新たな相続人が後から判明すると、既に進行中の遺産分割協議を再検討しなければならないため、相続人の正確な特定は極めて重要です。誰が相続人であるかを確実に調査することで、手続きのスムーズな進行が保たれます。

手順3|相続財産を調べる

相続財産の総額を特定し、その明細を財産目録として整備しておくことは、後の遺産分割協議を円滑に進めるために重要です。預貯金については通帳や残高証明書を確認し、亡くなった時点の残高を明確にします。
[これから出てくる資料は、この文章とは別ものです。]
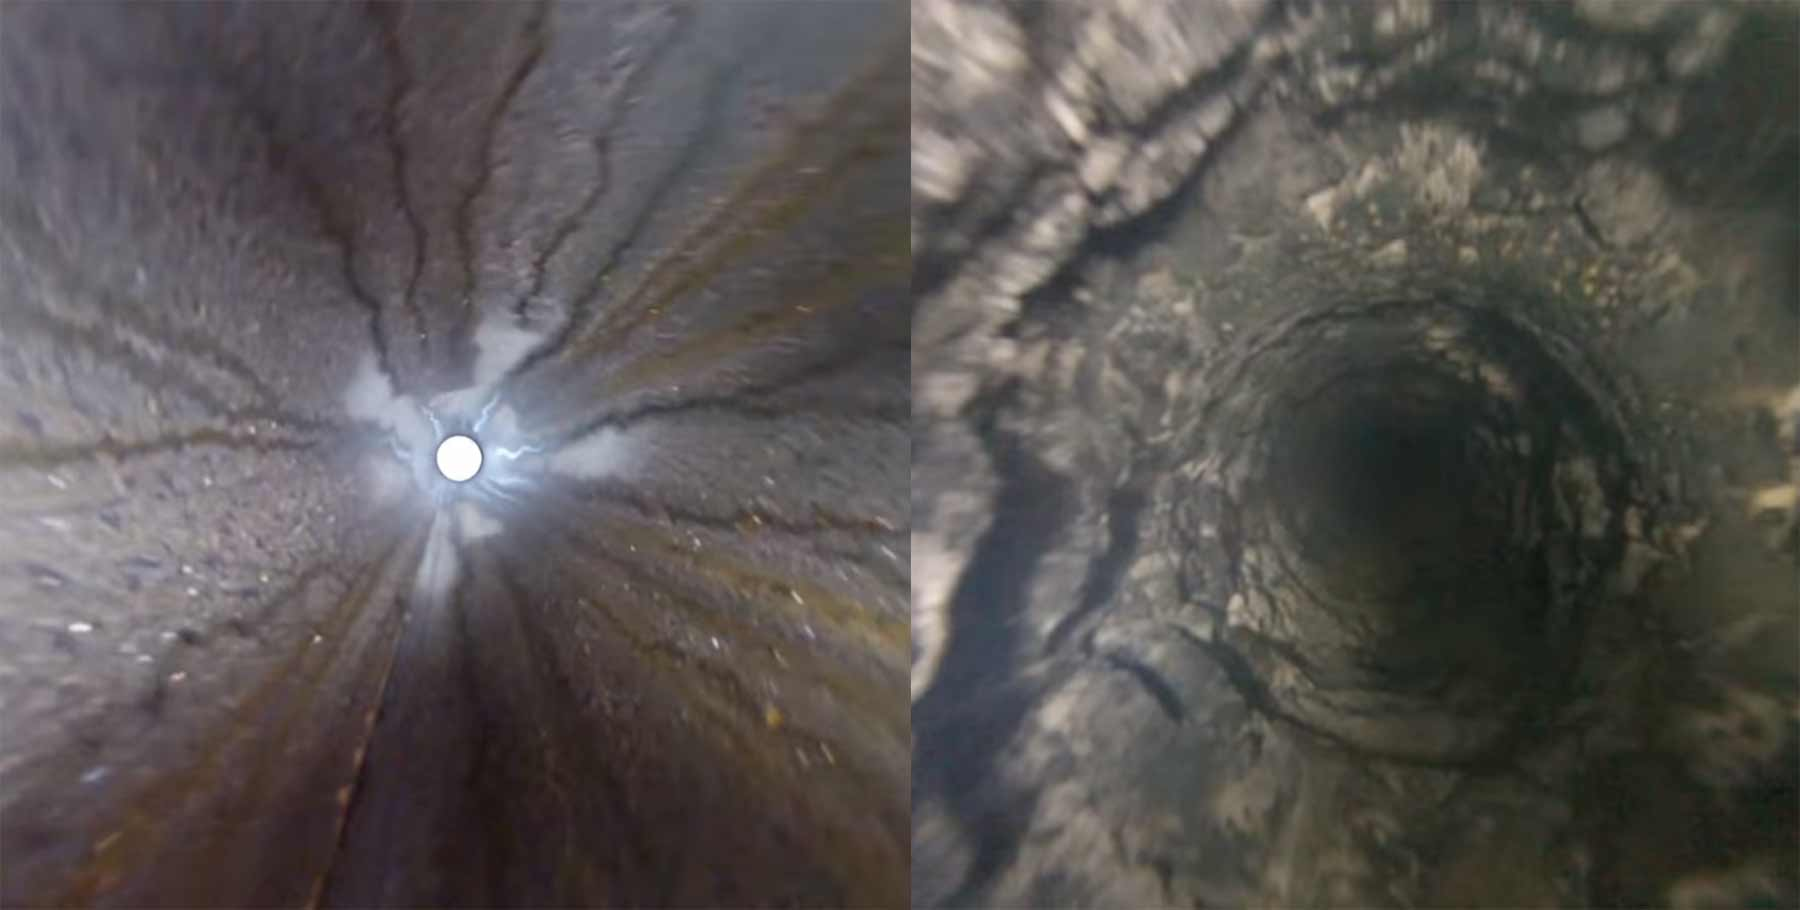 GoPro in frisch gebohrten Brunnen heruntergelassen gopro-in-brunnen-runterlassen

不動産に関しては、市区町村から発行される固定資産税の納税通知書を確認するか、権利証(登記識別情報通知や登記済証)を見つけることが求められます。また、市区町村役場に訪れることで、亡くなった人が所有する不動産を一覧できる「名寄せ」という制度が存在します。これにより、相続財産の明確なリストを作成することが可能となります。

ちゃんと財産目録を作成してから、遺産分割協議は行うように。後から知らない財産がでてくると面倒だぞ。

手順4|遺産分割協議の実施と合意文書の作成

遺言書が存在しない場合、相続人全員で遺産分割協議を行うことが求められます。相続人が一人でも欠けた状態で行われた分割協議は無効となるため、必ず相続人全員が参加するようにしましょう。不動産の相続者が確定した際には、その内容をまとめた遺産分割協議書を作成し、全ての相続人が署名し、実印で押印します。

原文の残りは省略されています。